## Problem details
No pictures, please: print exactly the lines from the one that contains "Richardson, Gillian 10" through the last line of the listing.

## Collected data
------------------------
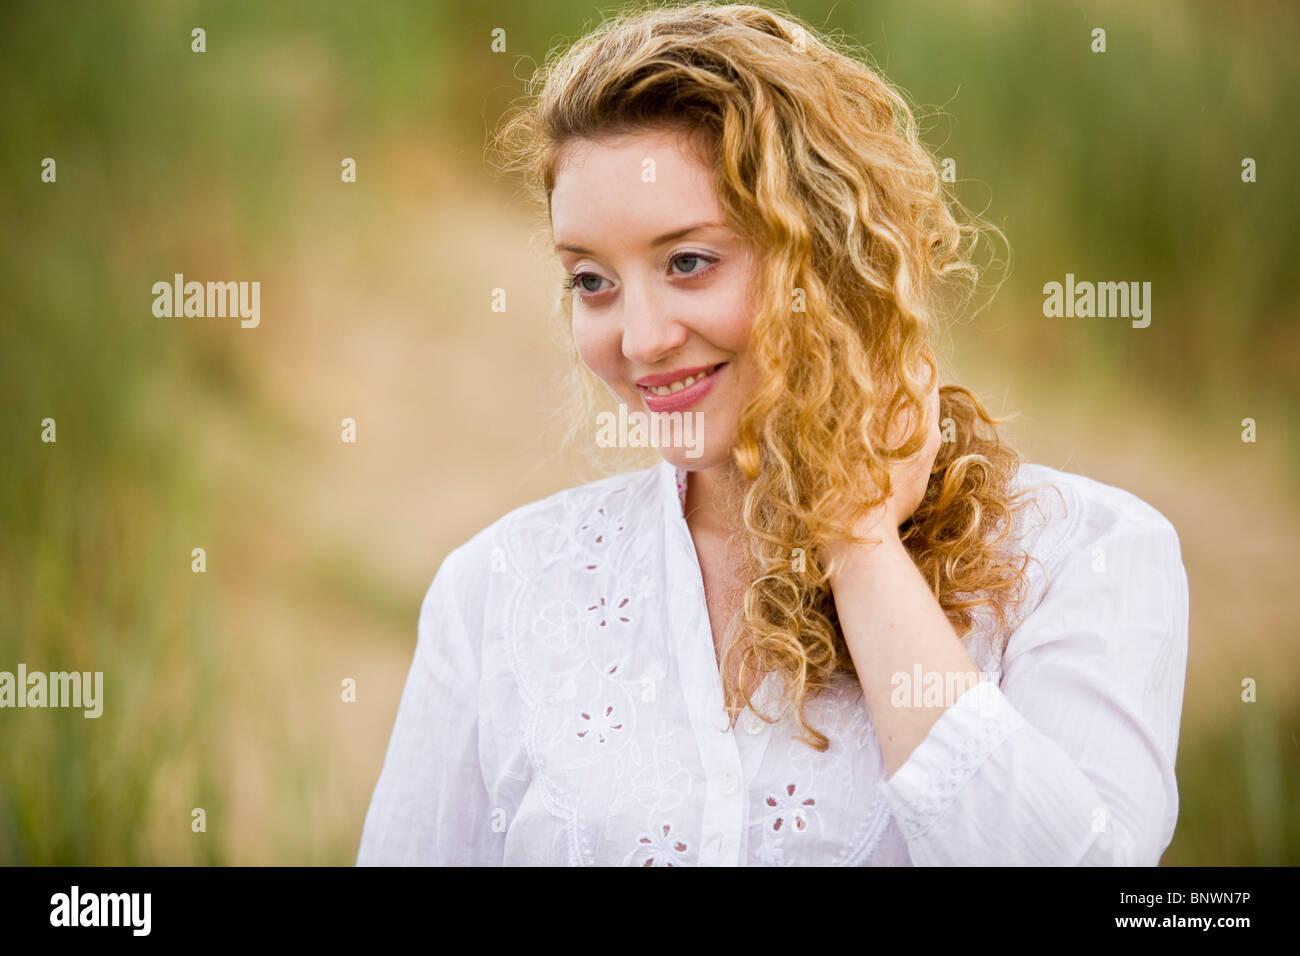 Porträt von attraktiven Frau im freien Stockbild
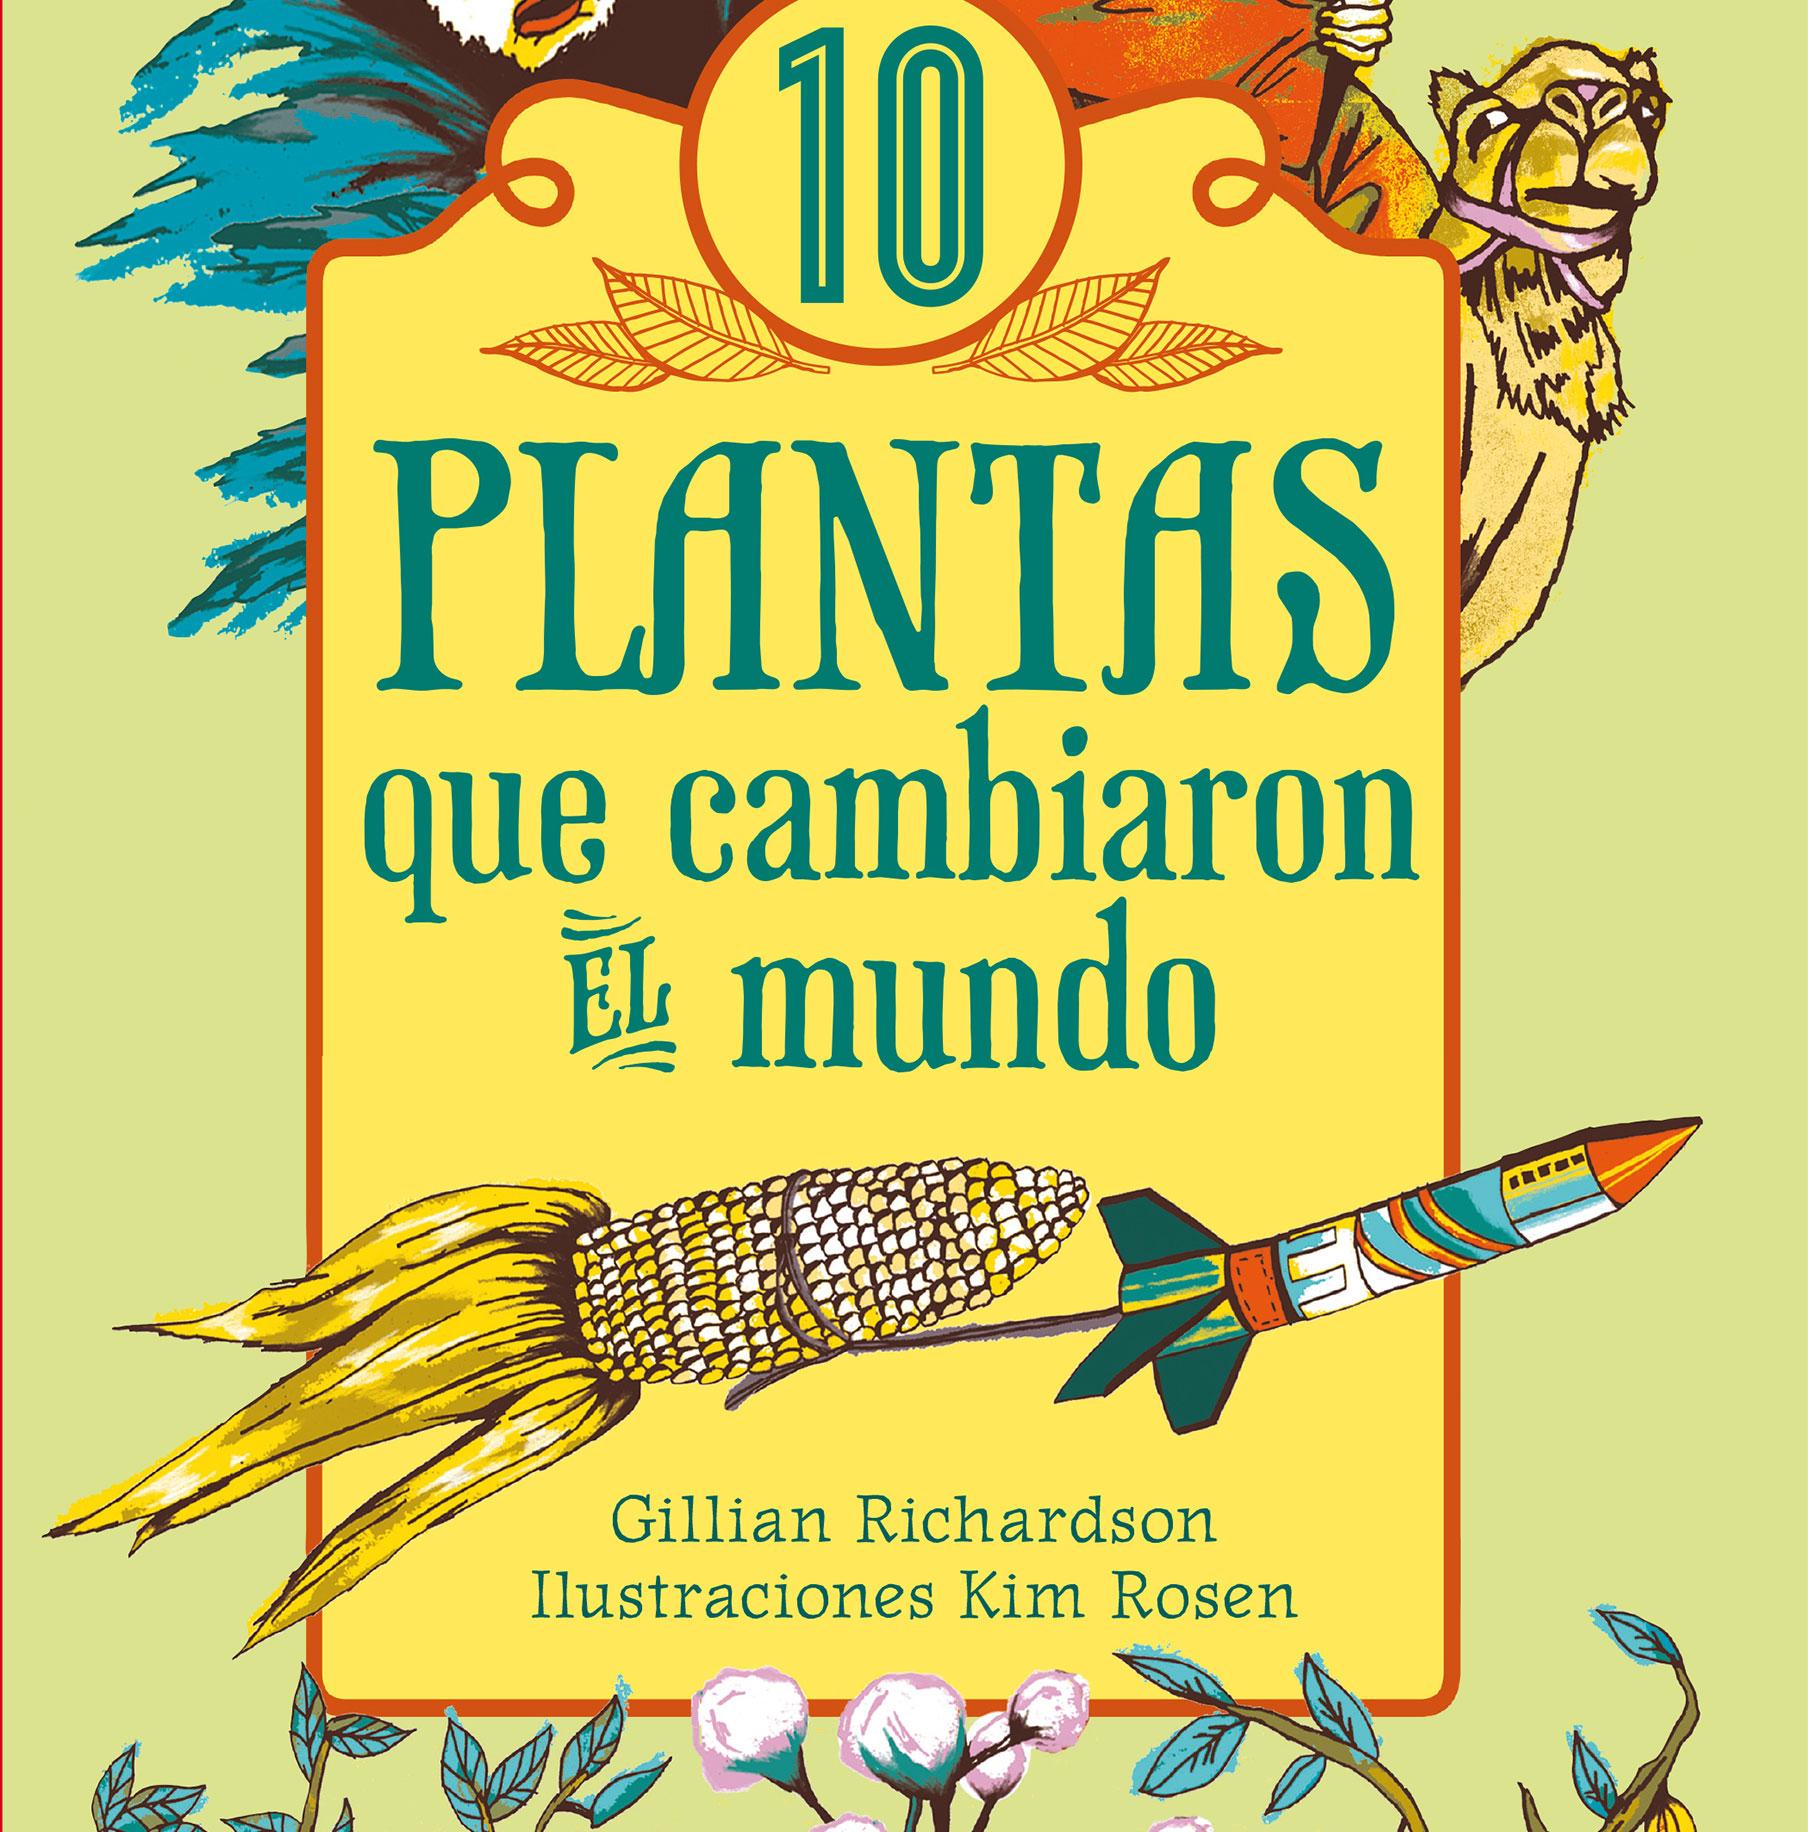 Richardson, Gillian 10 plantas que cambiaron el mundo
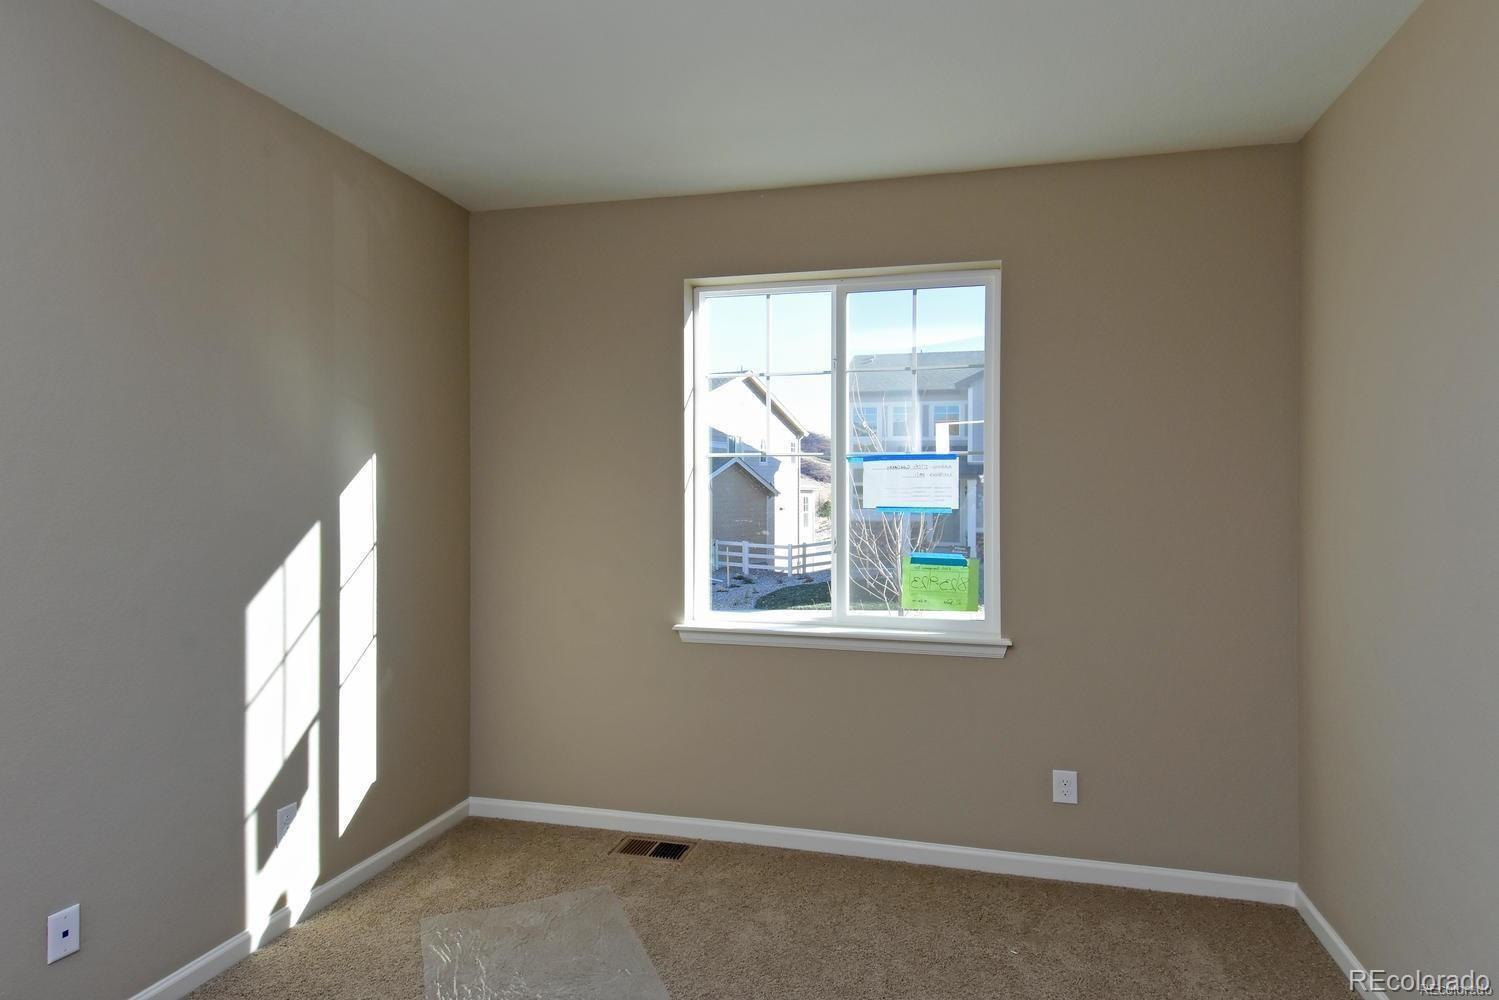 MLS# 4625079 - 16 - 2705 Garganey Drive, Castle Rock, CO 80104
------------------------
## Result for this task
 Richardson, Gillian 10 plantas que cambiaron el mundo
 MLS# 4625079 - 16 - 2705 Garganey Drive, Castle Rock, CO 80104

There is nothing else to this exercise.